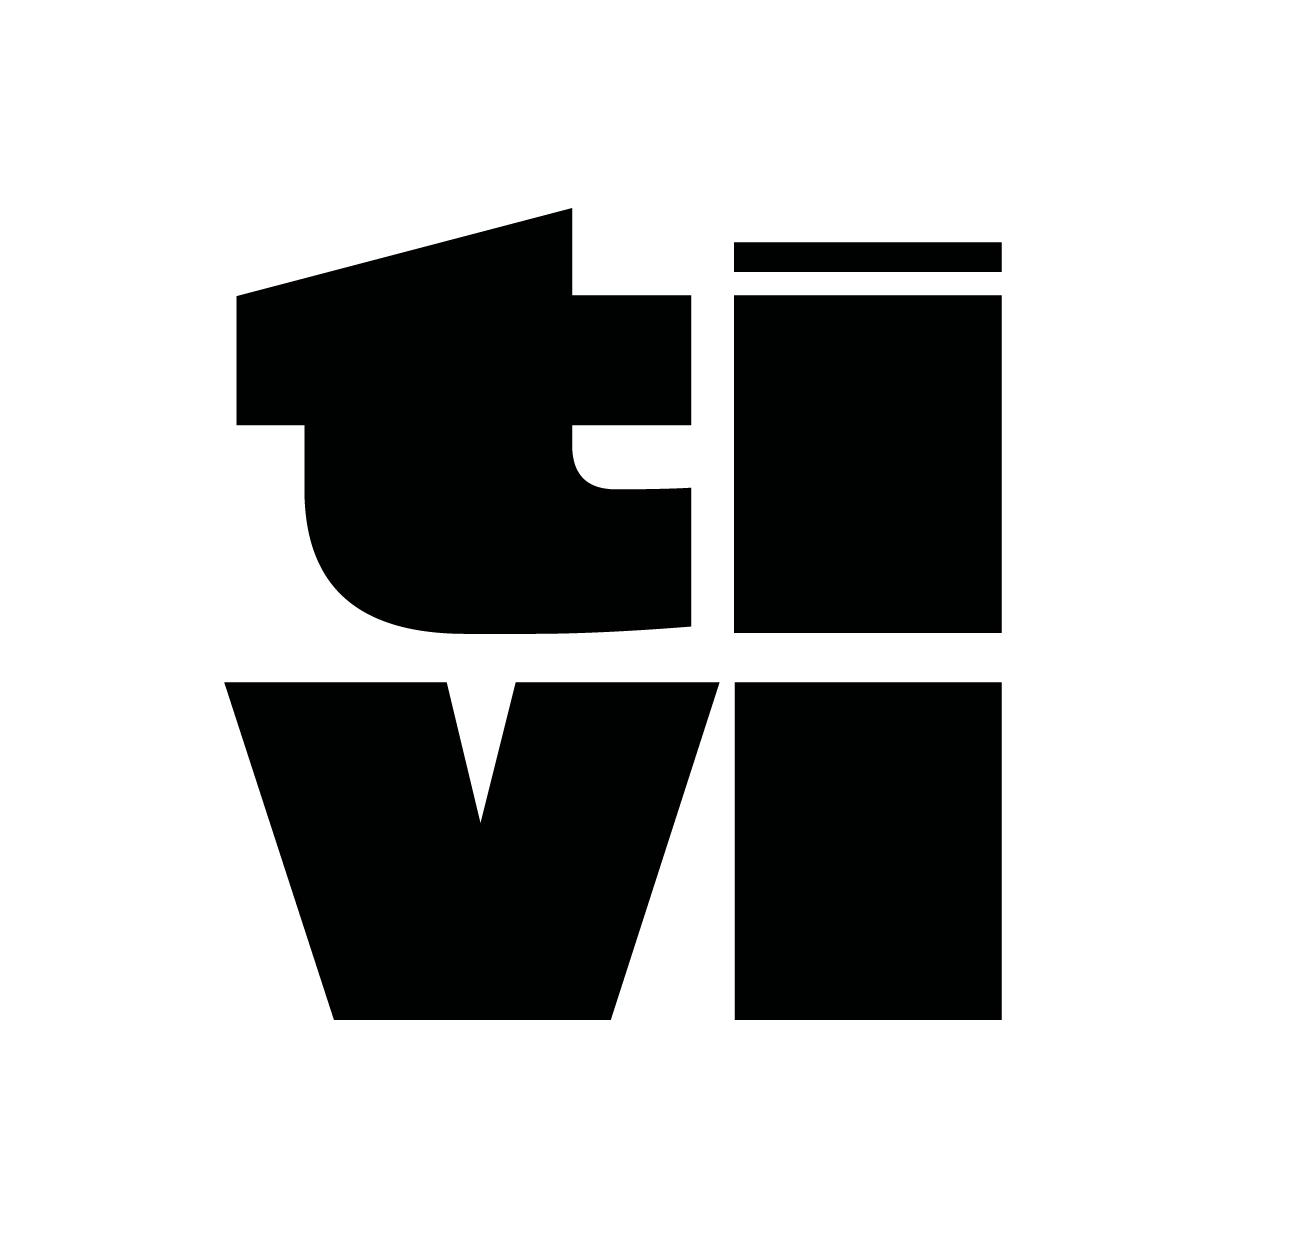 tivi_article_schema_fallback
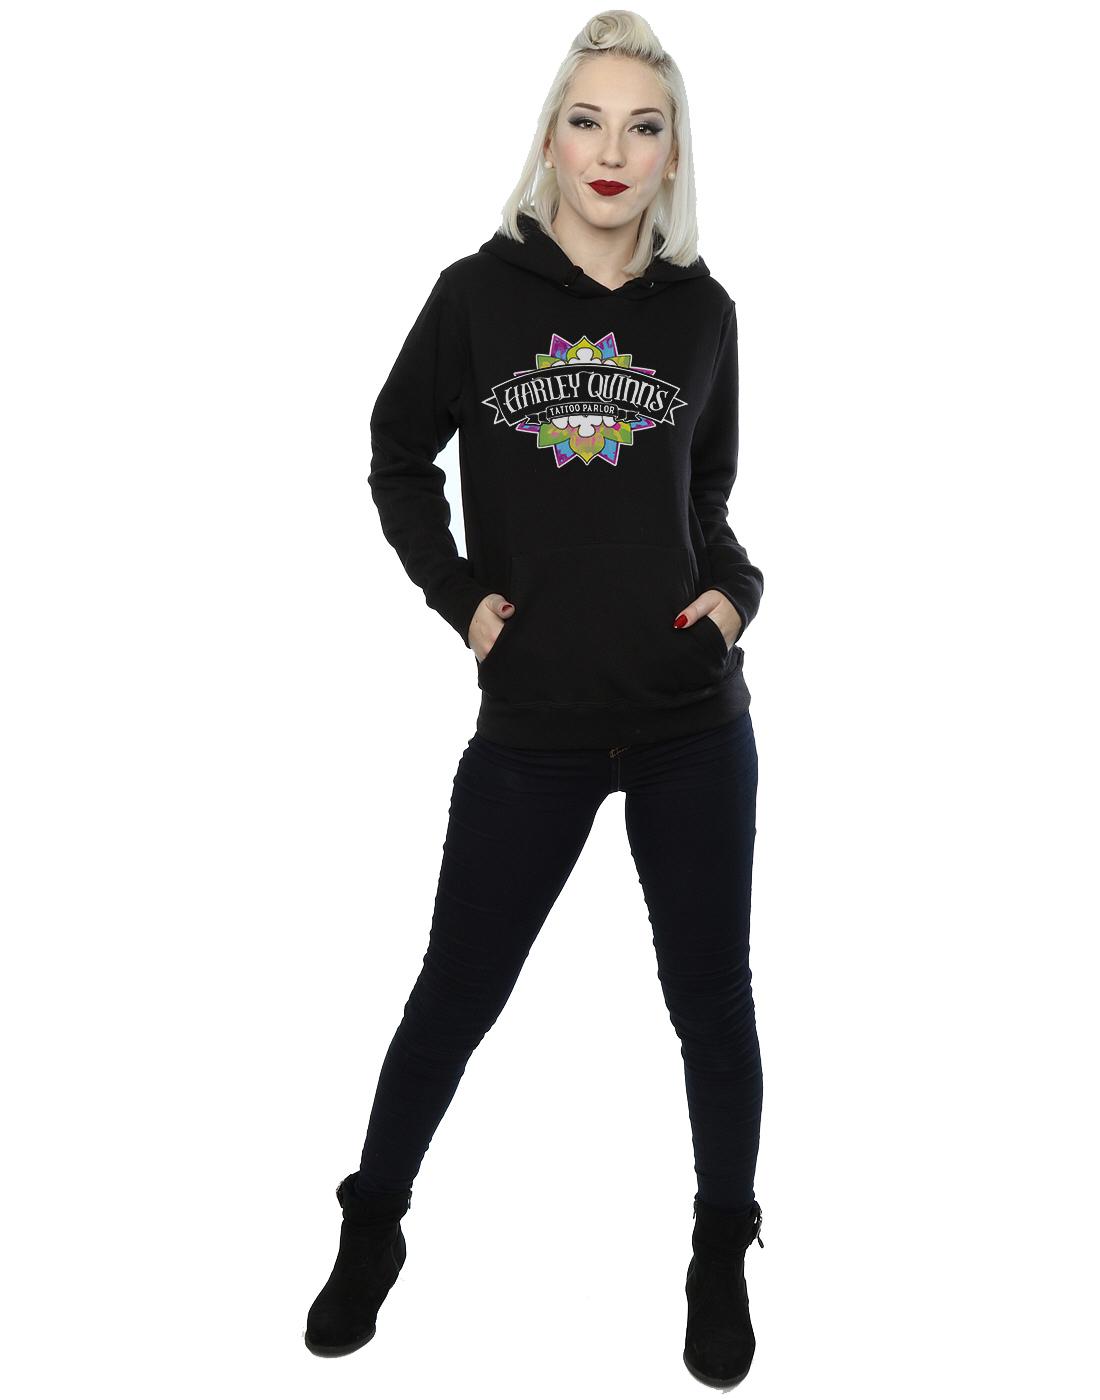 Suicide Harley Felpa Squad Tattoo Quinn Parlour Donna Cappuccio Con EwxEq6RrWO
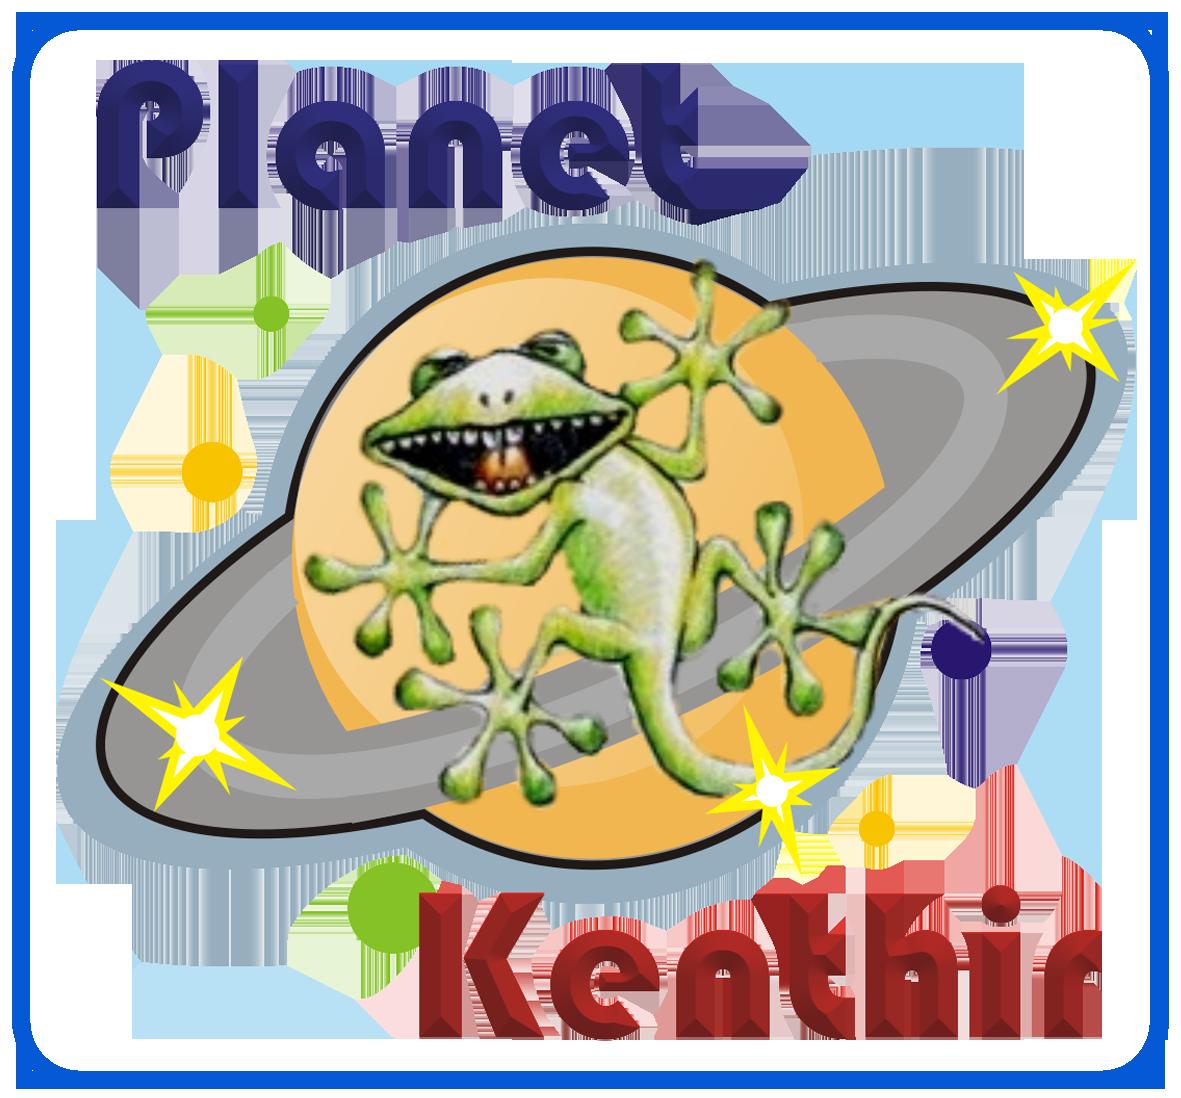 items/kaleidoskop_2020/planet-kenthir-hires-1607754236.png

* * *

WHAT IS EXPECTED
An unchanged copy of the listing, with no pictures, should be returned.

REPLY
 tivi_article_schema_fallback
 Suicide Harley Felpa Squad Tattoo Quinn Parlour Donna Cappuccio Con EwxEq6RrWO
 items/kaleidoskop_2020/planet-kenthir-hires-1607754236.png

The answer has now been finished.